The rub is that Choose Your Own Adventure books already have
a presence in Walt Disney World. This volume about the abominable snowman, aka
the yeti, can be found in the show that follows Expedition Everest in Disney’s
Animal Kingdom. With so many mythical or extinct creatures playing in the
Disney sandbox that is filled with futuristic, historical or fabled scenarios,
the possibilities for creating as many possible twists and endings.

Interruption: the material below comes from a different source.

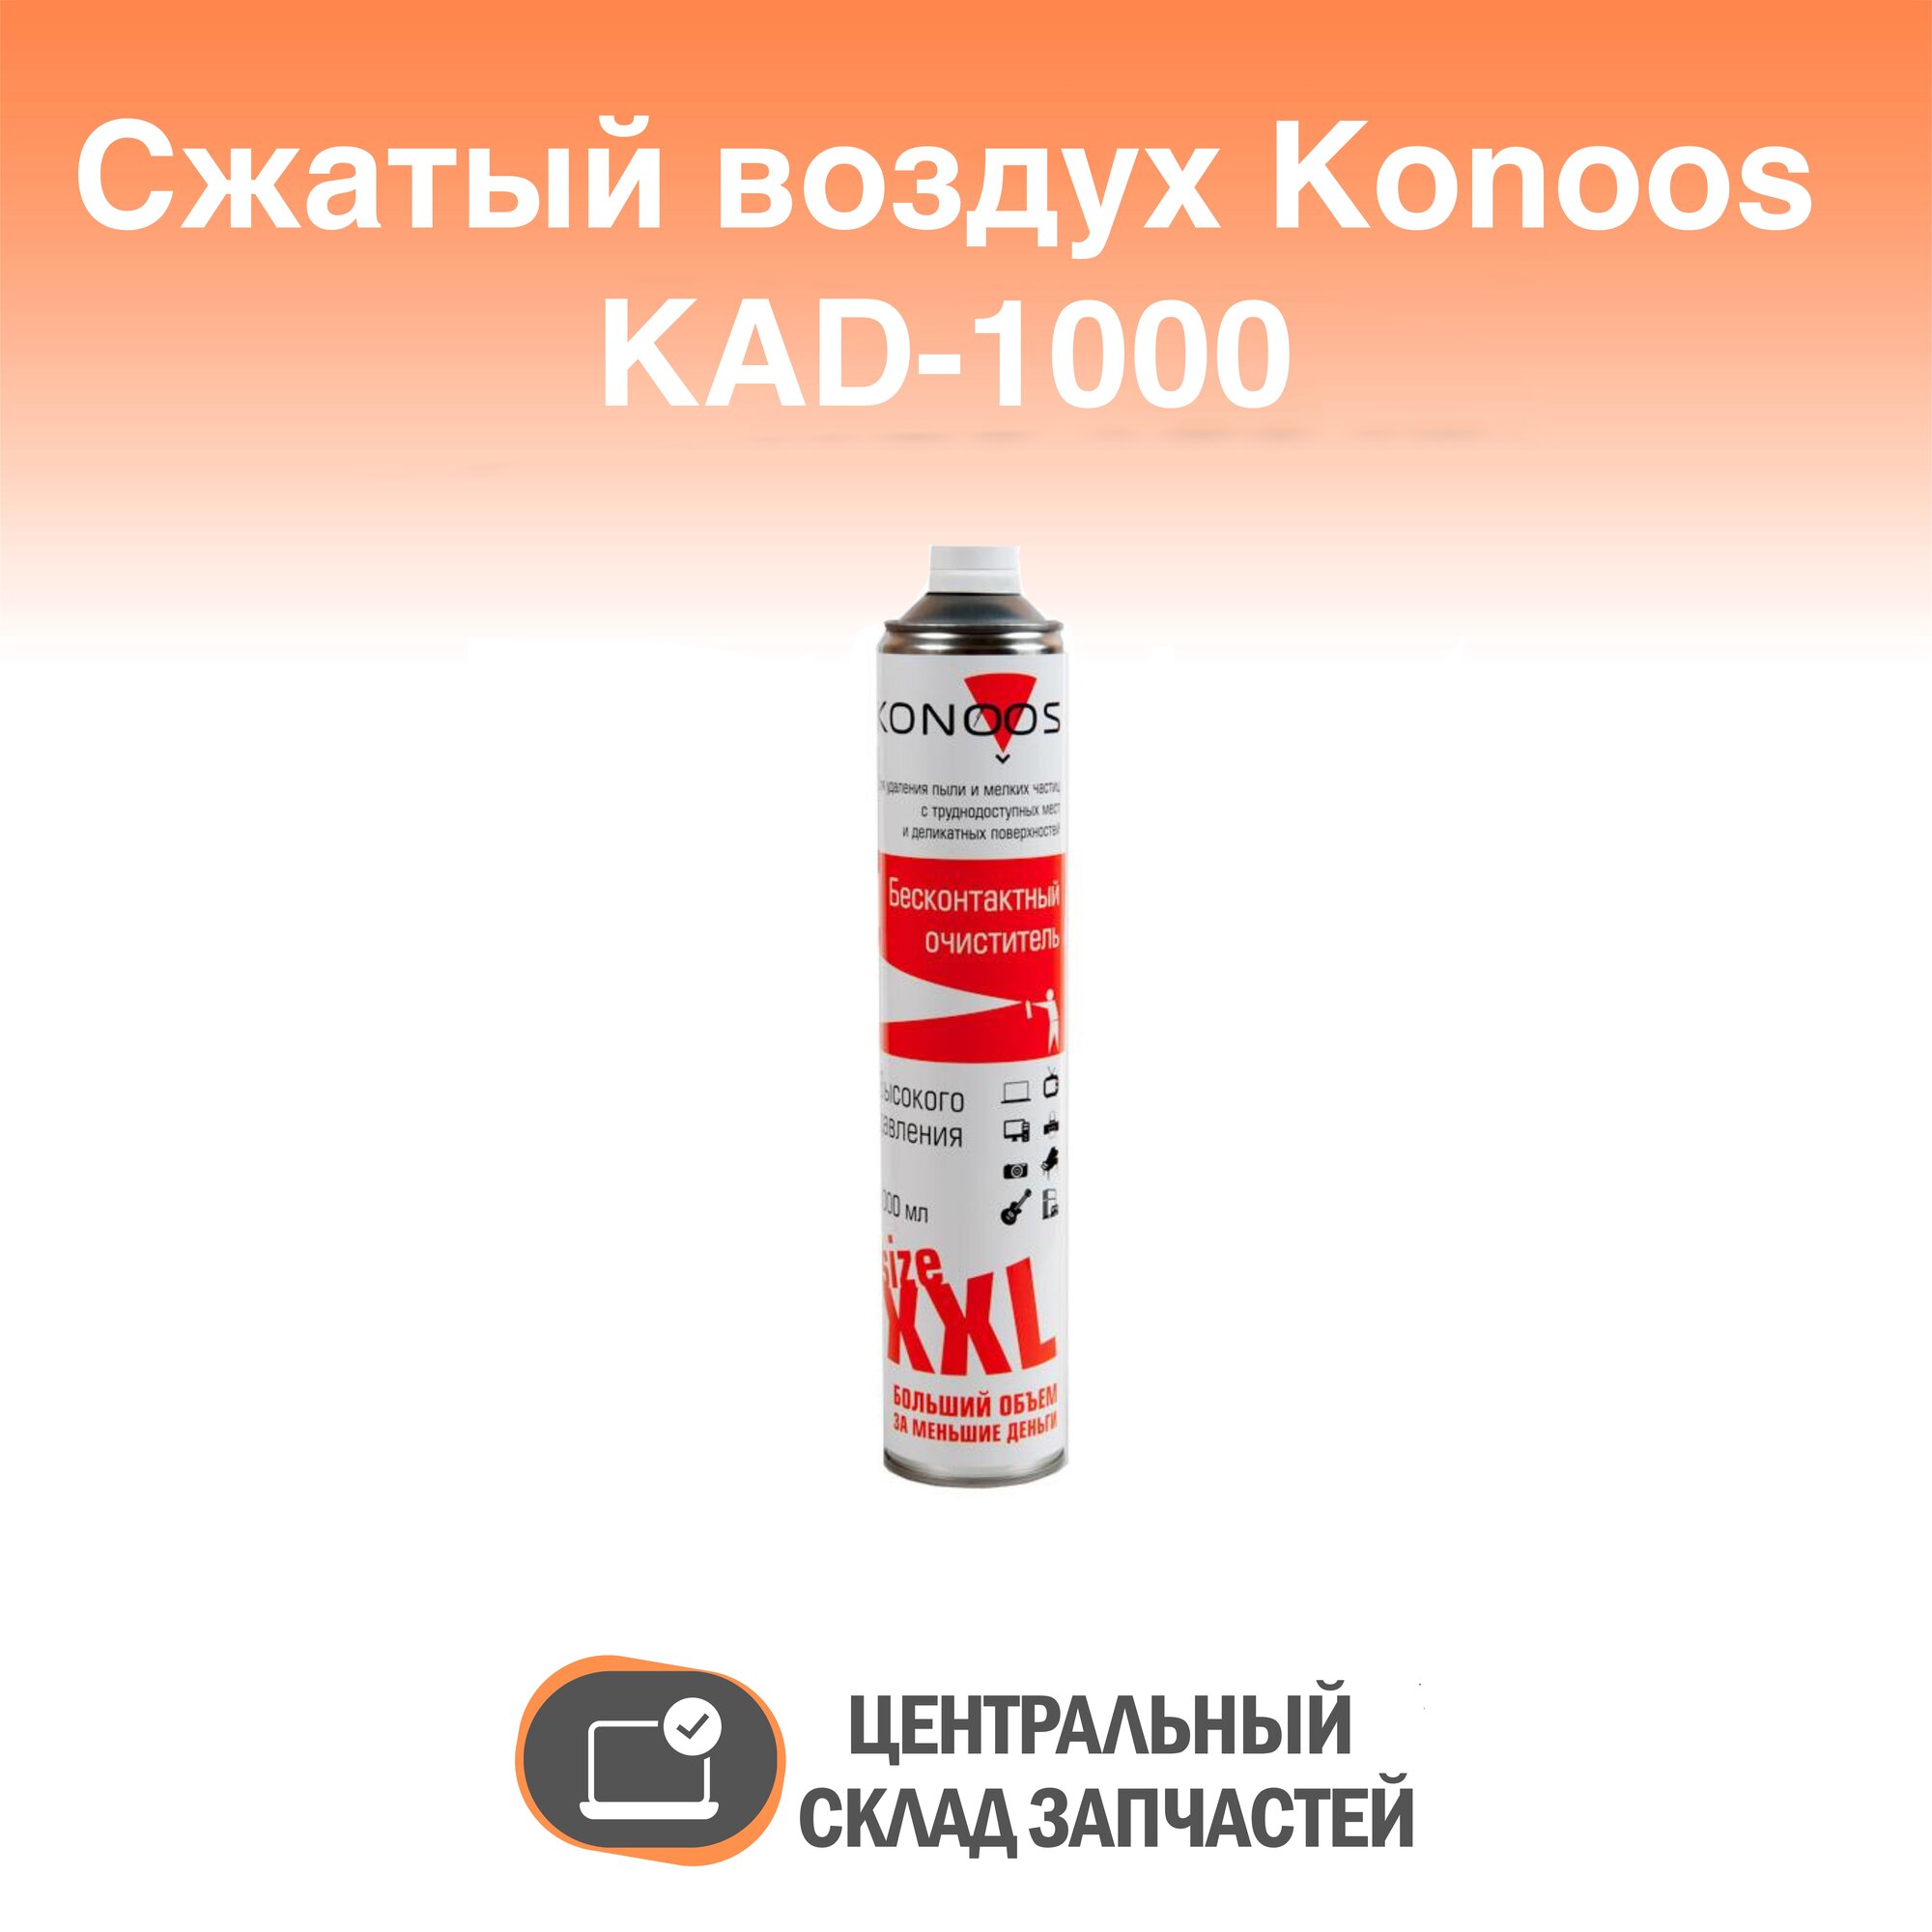 KONOOS Сжатый воздух для продувки пыли Konoos KAD-1000, 1000 мл

Let’s take the Haunted Mansion as an example. There are so
many ghosts, some friendly to our ‘sympathetic vibrations’ and others who may
only be hanging around with malice on their minds, that the possibilities for
stories are limited only by the imagination of the writer. The same could be
said for Big Thunder Mountain Railroad, Star Tours, Jungle Cruise and many
others, even the savanna of Harambe is filled with the potential for twist
endings and meandering tales.
Now, I’d love to throw my hat into the ring as someone to
help write these type of stories (heck, I even did some Walt Disney World
fiction early on in the Gazette’s life), but I’m also aware of the staggering
amount of writing talent that permeates Walt Disney World and Disney as a whole.

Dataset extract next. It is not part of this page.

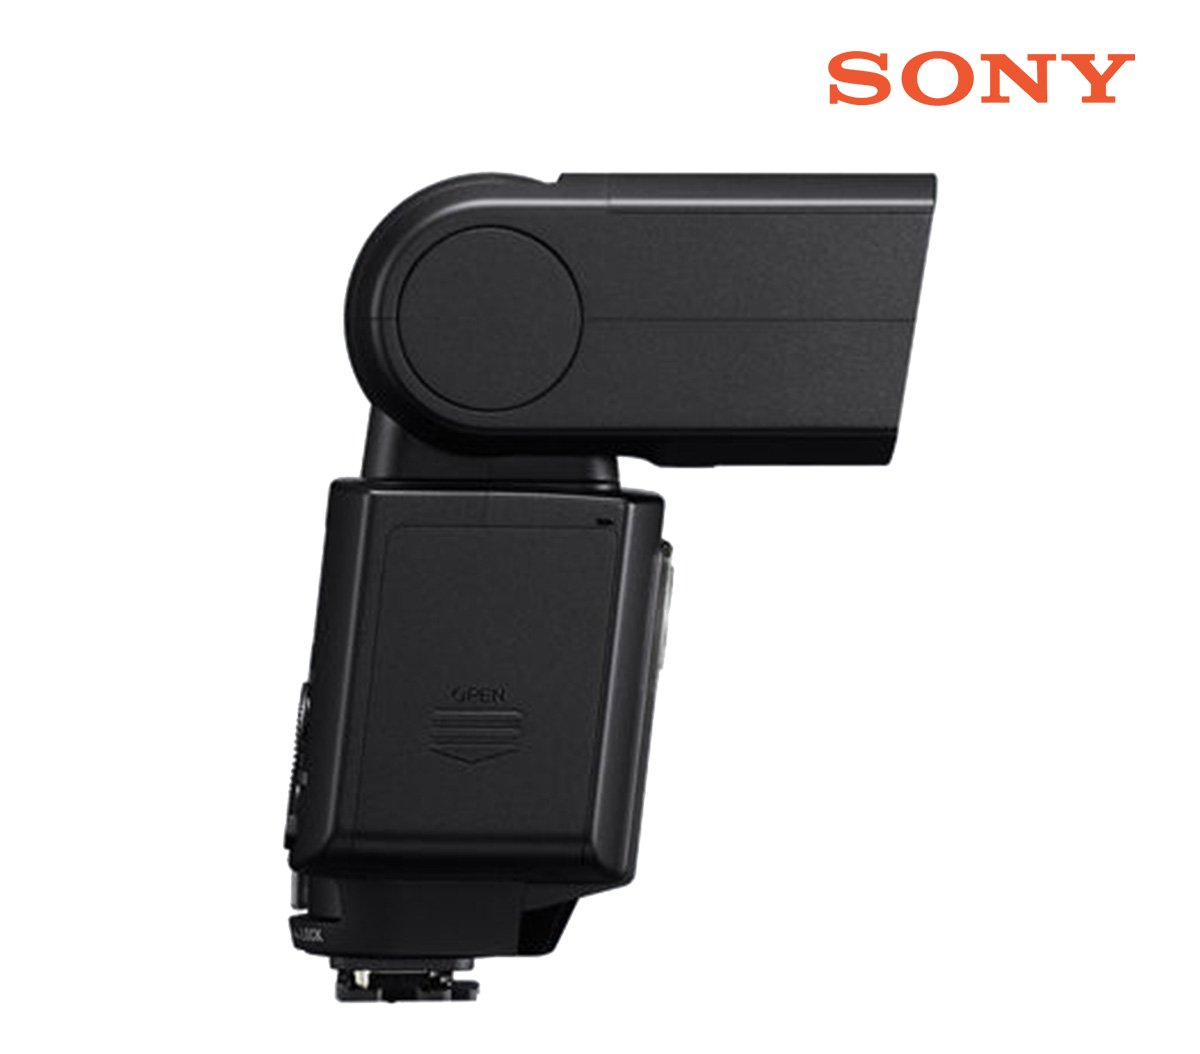 Sony HVLF45RM External Flash

There is a wealth of stories tucked into every corner of the Vacation Kingdom’s
parks, but there is also an untapped reservoir hidden within these adventures.
Who wouldn’t like to take one of those home in a book or in an ebook?
2 comments:
what a neat idea! i loved those books as a kid. and when i was older and teaching reading skills to school kids, my tutees loved them, too!
Melissa - I loved them too, and they were definitely shelf staples when I work in an after-school/summer program for school age children!